Istilah perilaku Konsumen diartikan sebagai perilaku yang diperlihatkan konsumen dalam mencari, membeli, enggunakan, mengevaluasi dan menghabiskan produk dan jasa yang mereka harapkan akan
Schiffman dan Kanuk (1994)
memuaskan kebutuhan mereka.
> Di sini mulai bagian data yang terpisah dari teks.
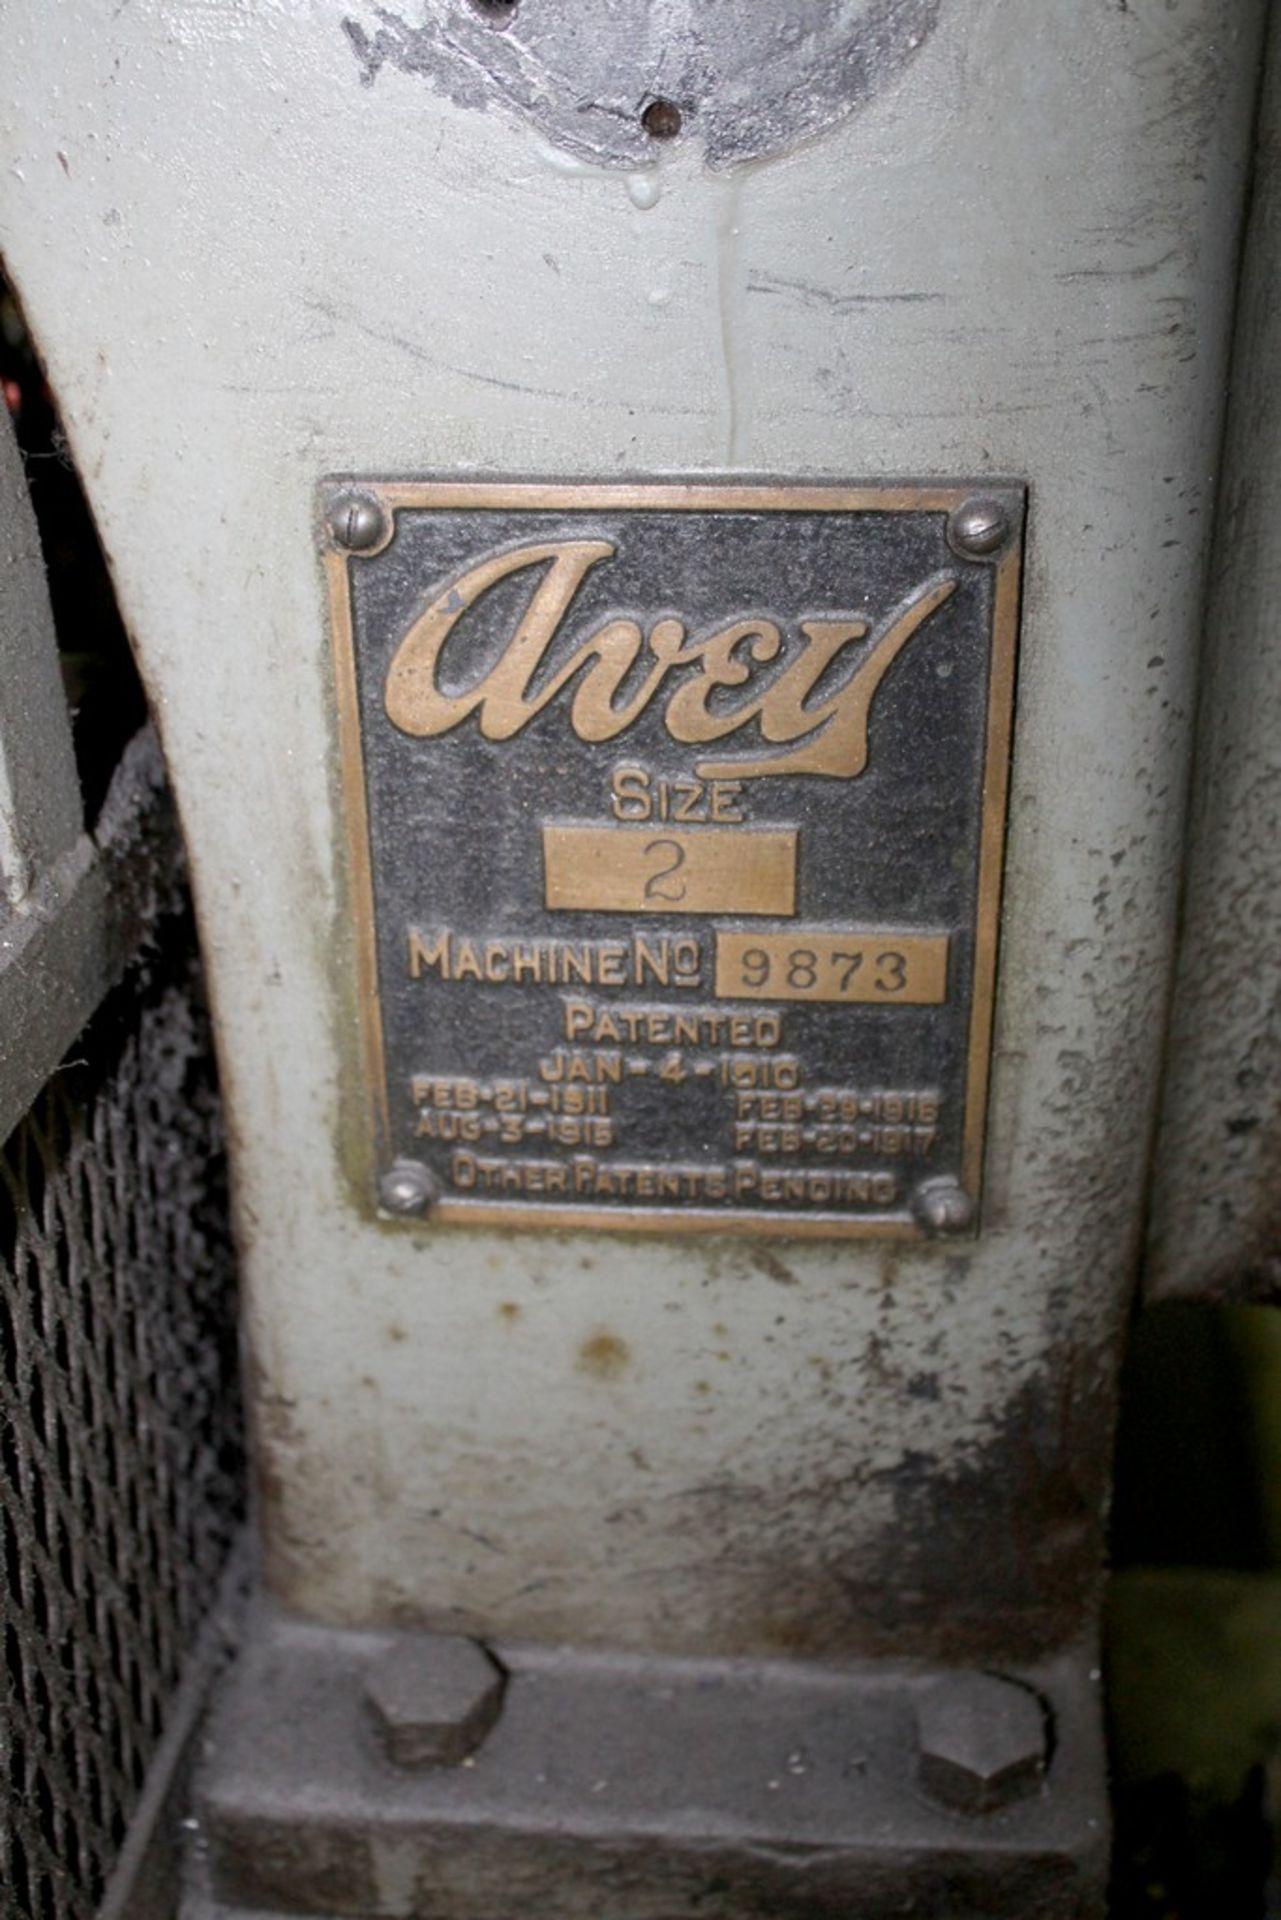 Lot 44 - AVEY SIZE 2 DRILL PRESS NO 171 S/N 9873
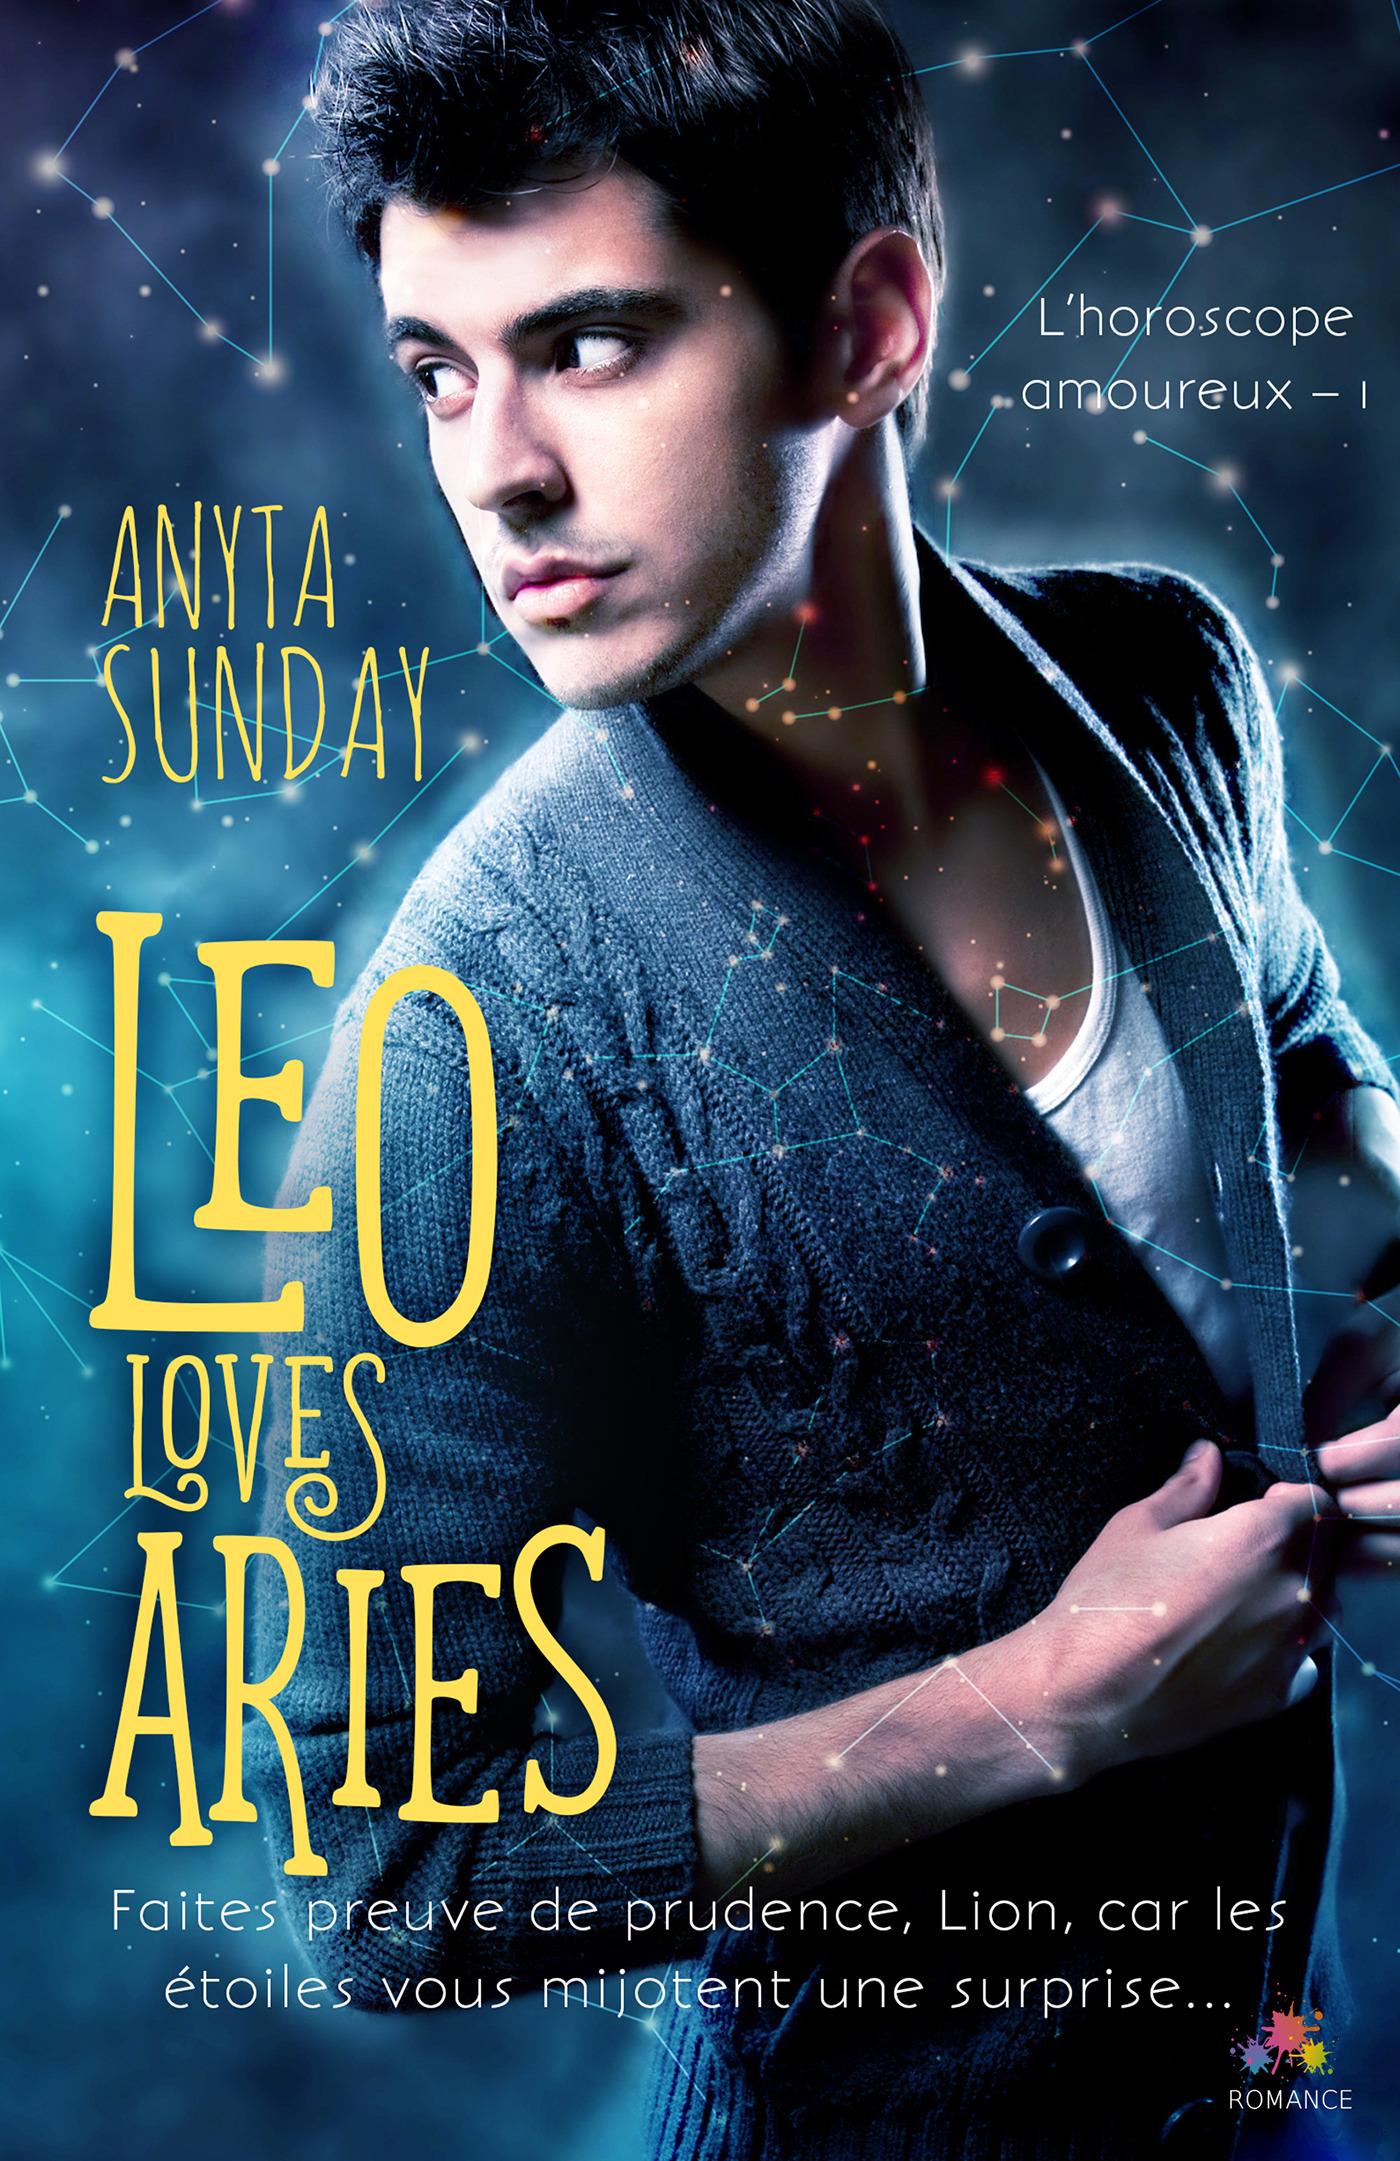 L'horoscope amoureux t.1 ; Leo loves aries

Perilaku konsumen adalah proses keputusan dan aktivitas fisik individu yang terlibat dalam mengevaluasi, mendapatkan, menggunakan, atau memberikan barang dan jasa yang diperolehnya.
Kotler dan Amstrong (1997)
perilaku konsumen sebagai perilaku pembelian konsumen akhir, baik individu maupun rumah tangga, yang membeli produk untuk konsumsi personal.
Mullen dan Johnson (1990)
Perilaku Konsumen sebagai pengkajian dari perilaku manusia sehari-hari.
Winardi (1991)
perilaku konsumen sebagai perilaku yang ditujukan oleh orang-orang dalam merencanakan, membeli, dan menggunakan barang-barang ekonomi dan jasa.
Ujang Sumarwan (2000)
secara sederhana, studi perilaku konsumen meliputi hal-hal sebagai berikut, Apa yang dibeli konsumen? (what they buy?), mengapa konsumen membelinya? (why they buy it?), kapan mereka membelinya? (when they buy it?), dimana mereka membelinya? (where they buy itu?), berapa sering mereka membelinya? (how often they buy itu?), berapa sering mereka menggunakannya? (how often they use it?)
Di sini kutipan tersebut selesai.